» Work to be completed: In the listing below, find the line with "Blue Sapphire Winter" and copy every line from there up to and including the line with "Jim's Butchers brand logo", exactly and without pictures.

» Available data:
=====

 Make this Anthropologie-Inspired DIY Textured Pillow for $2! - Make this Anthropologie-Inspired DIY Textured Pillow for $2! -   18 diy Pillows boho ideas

=====

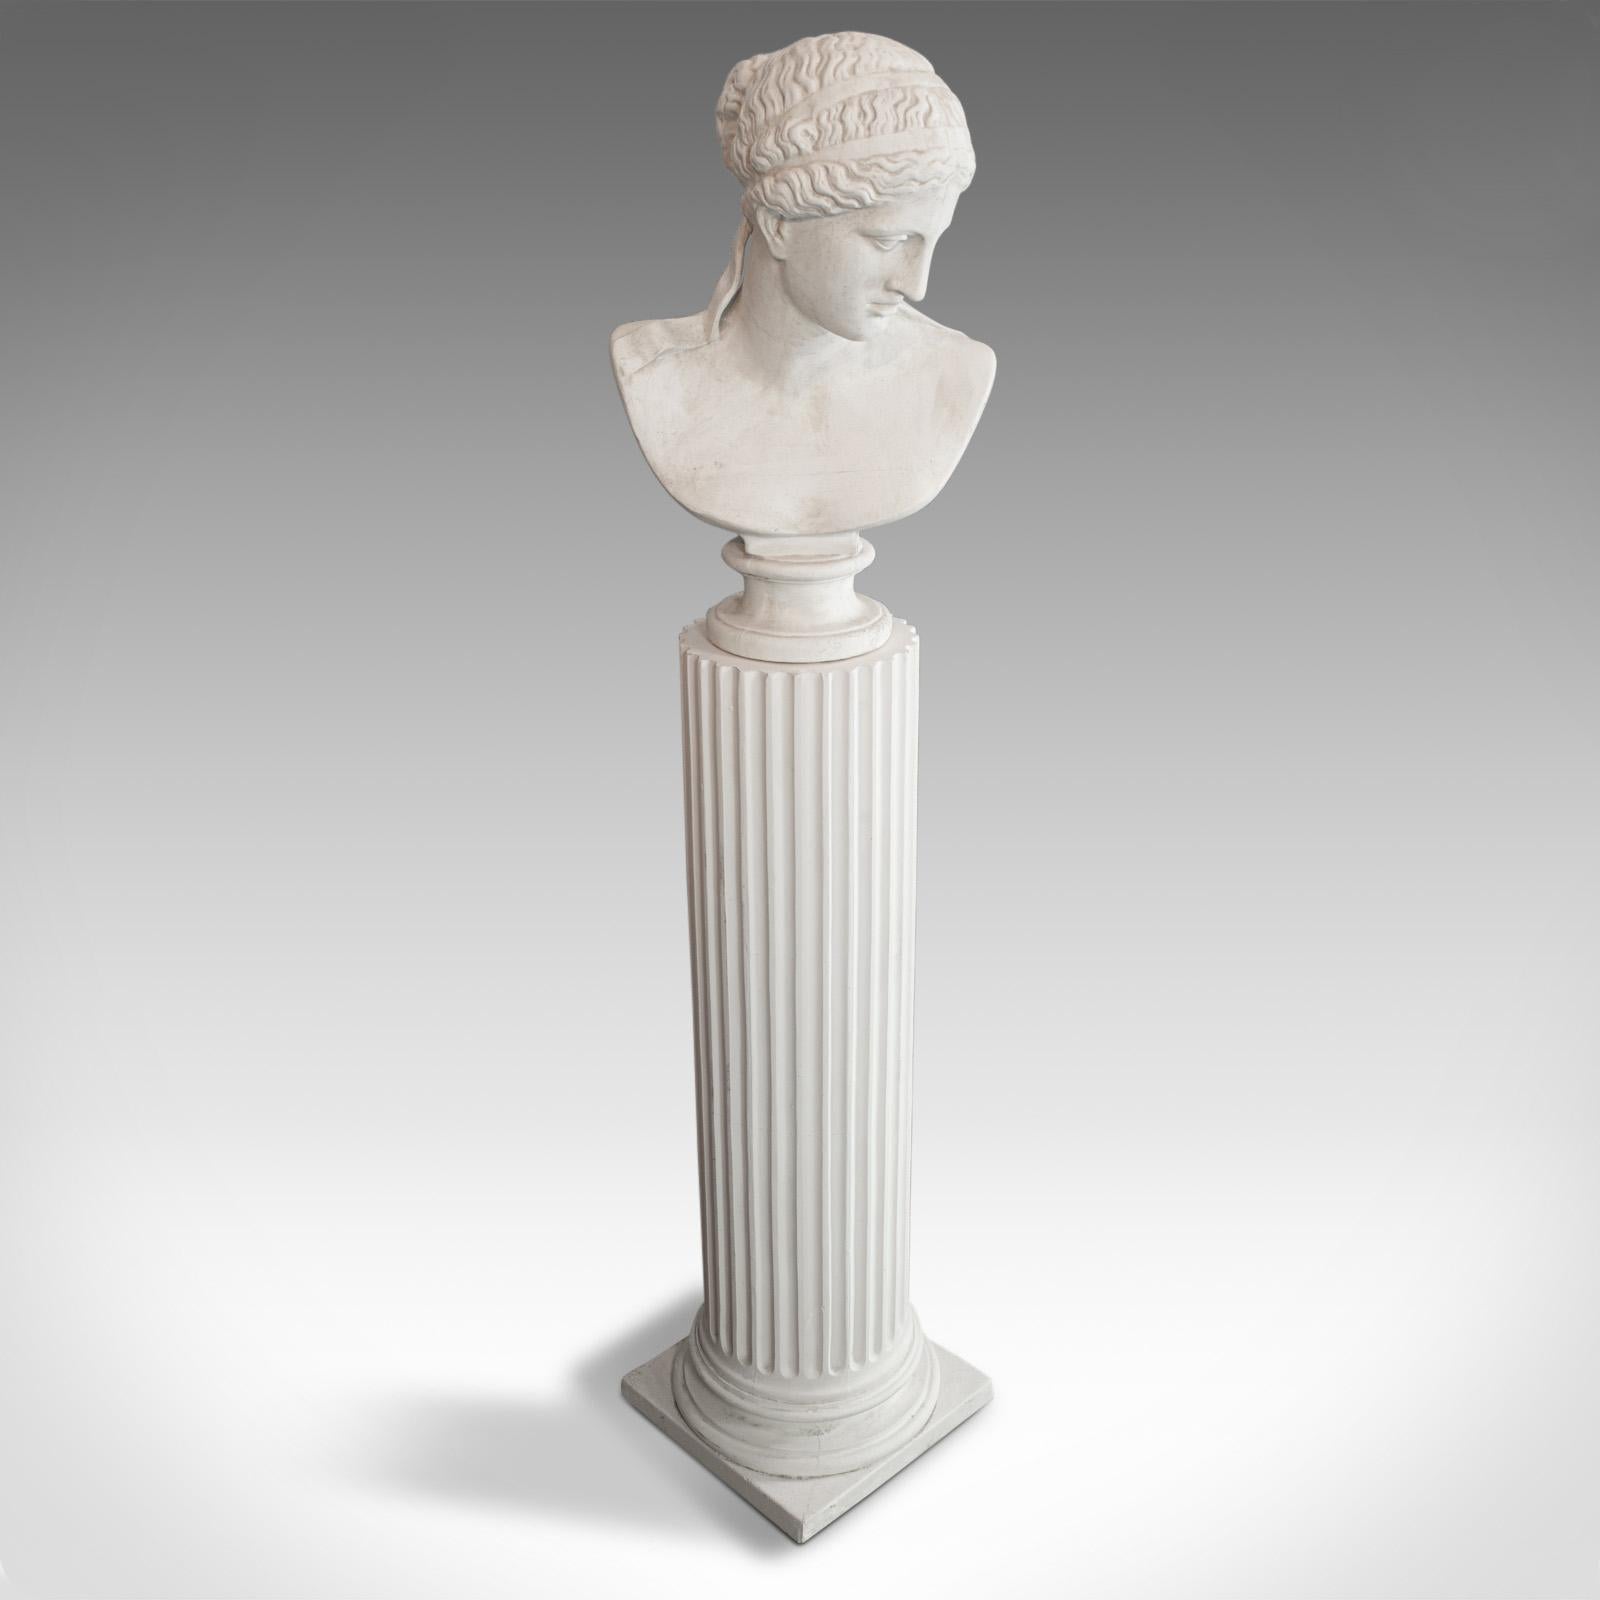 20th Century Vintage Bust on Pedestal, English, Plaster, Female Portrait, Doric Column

=====

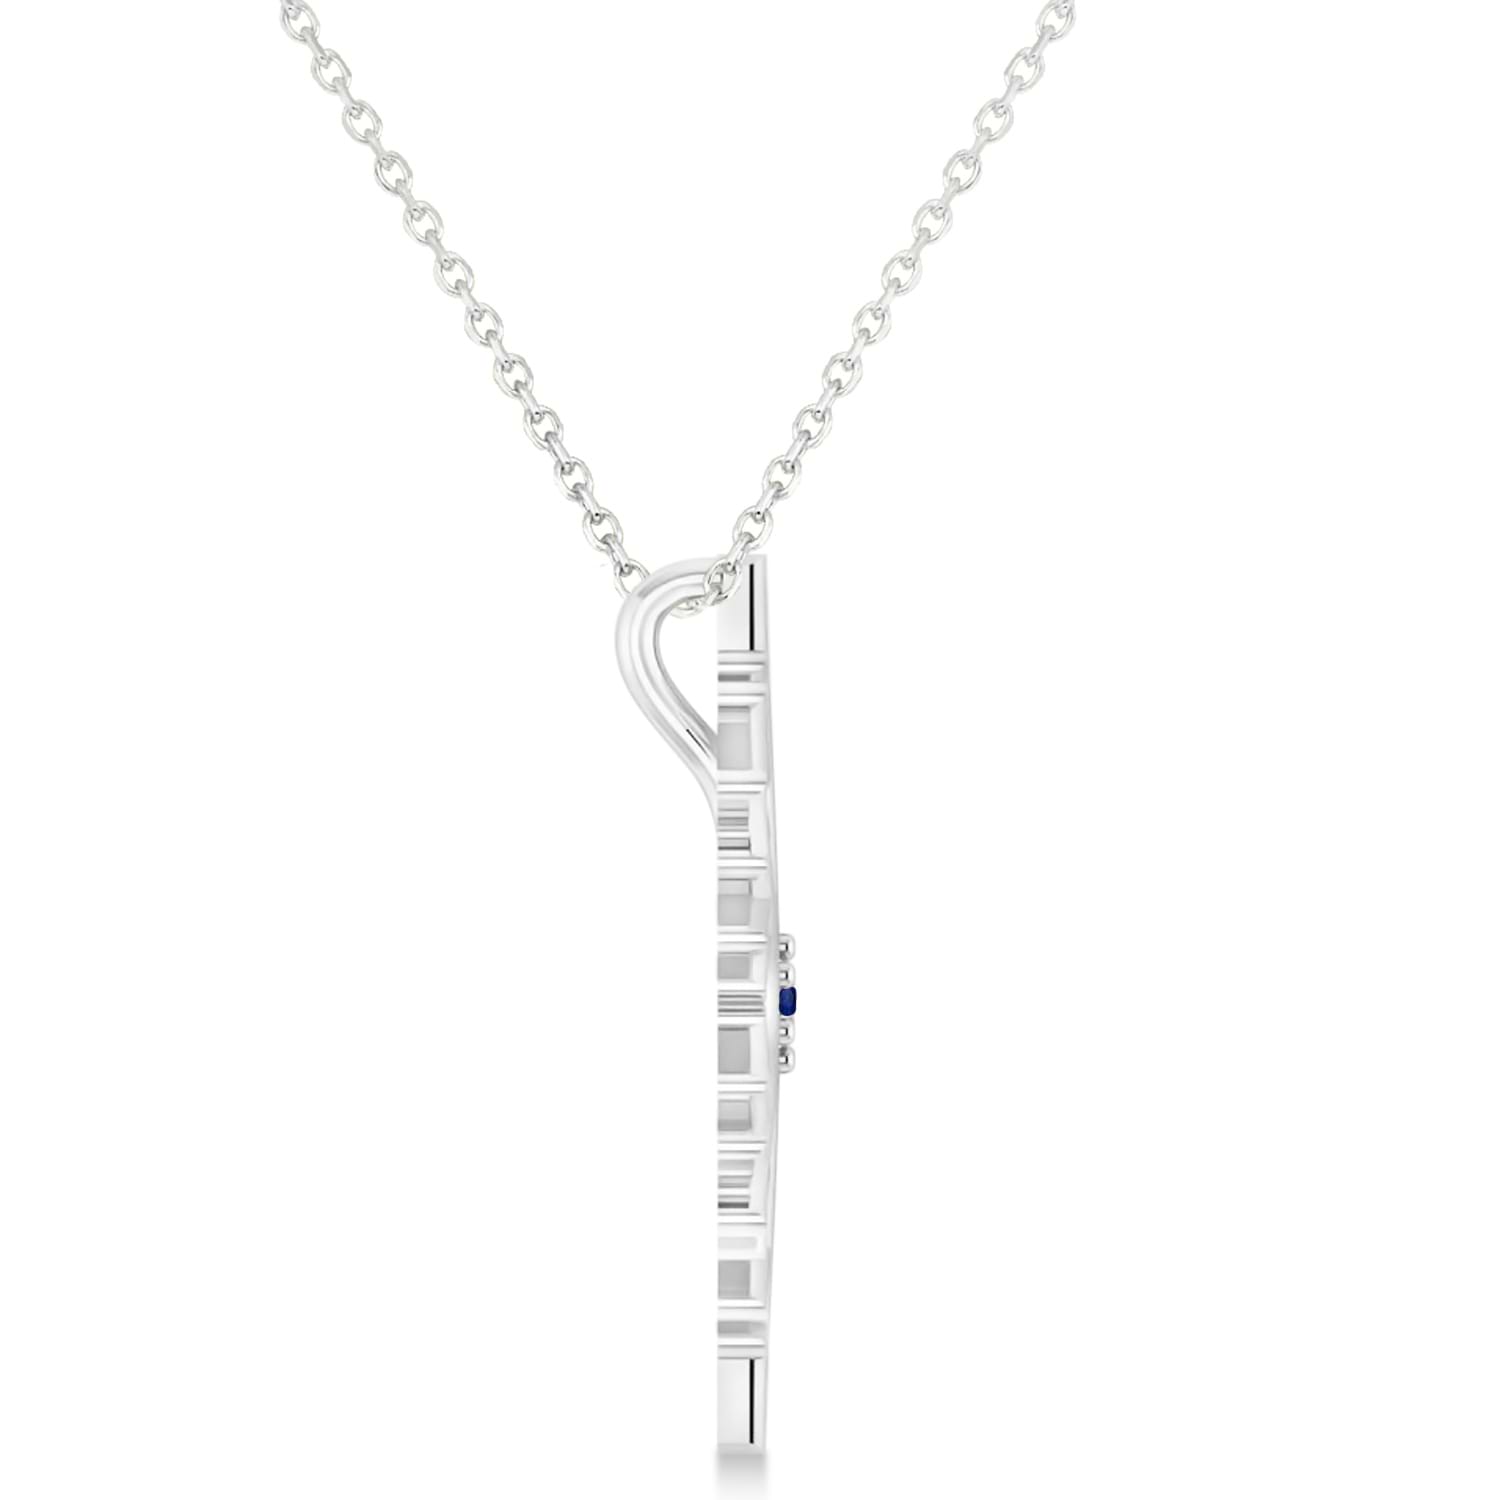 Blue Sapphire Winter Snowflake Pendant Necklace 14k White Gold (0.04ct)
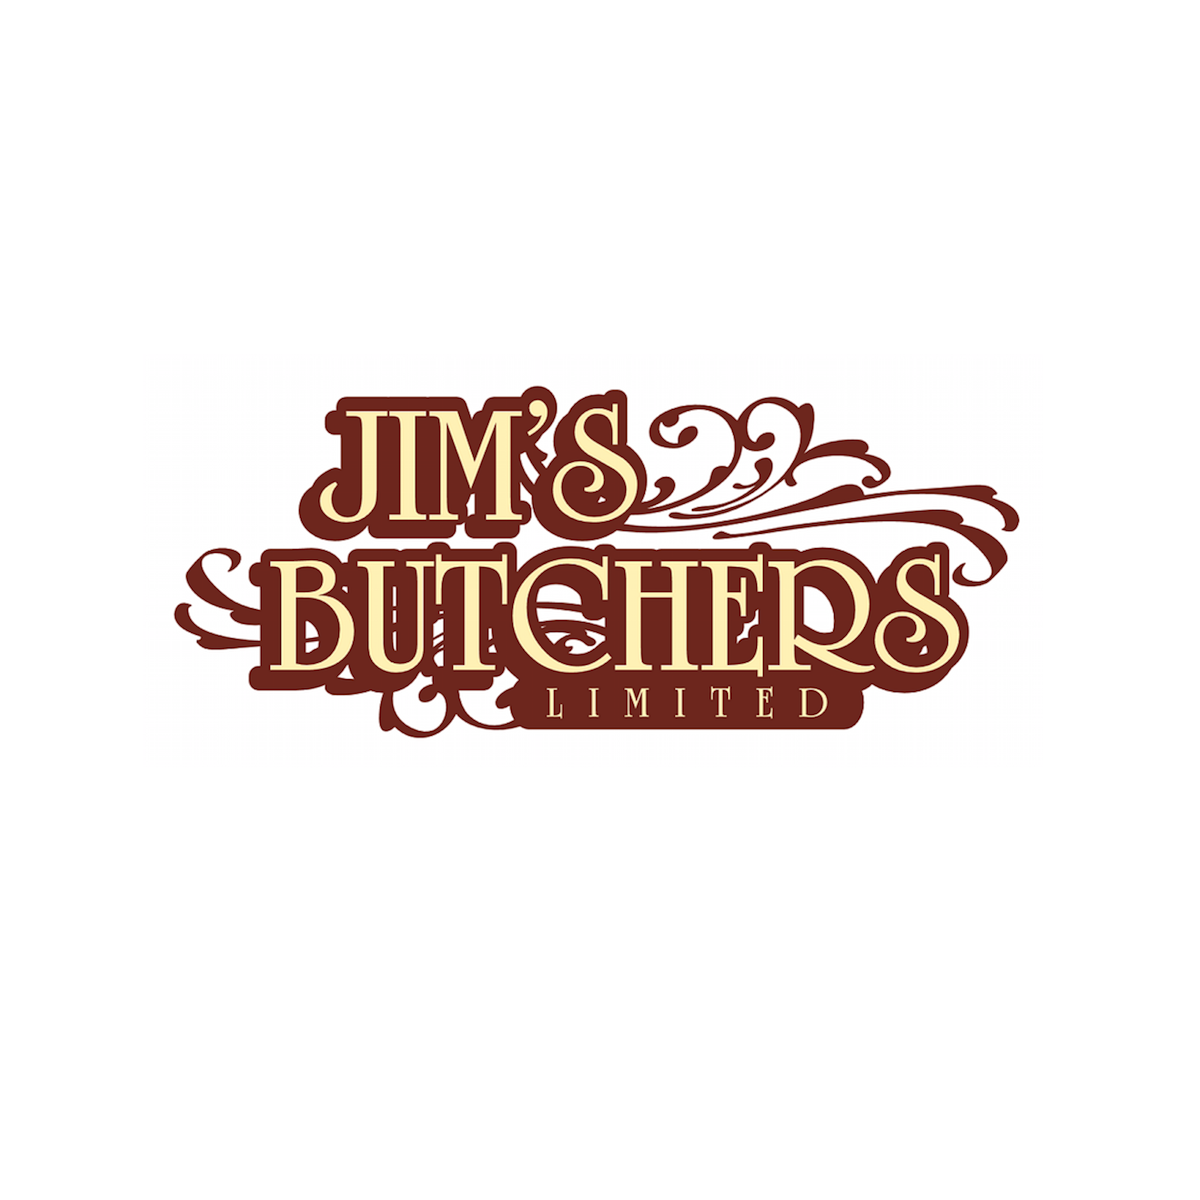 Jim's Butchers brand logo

=====

» Result of the exercise:
 Blue Sapphire Winter Snowflake Pendant Necklace 14k White Gold (0.04ct)
 Jim's Butchers brand logo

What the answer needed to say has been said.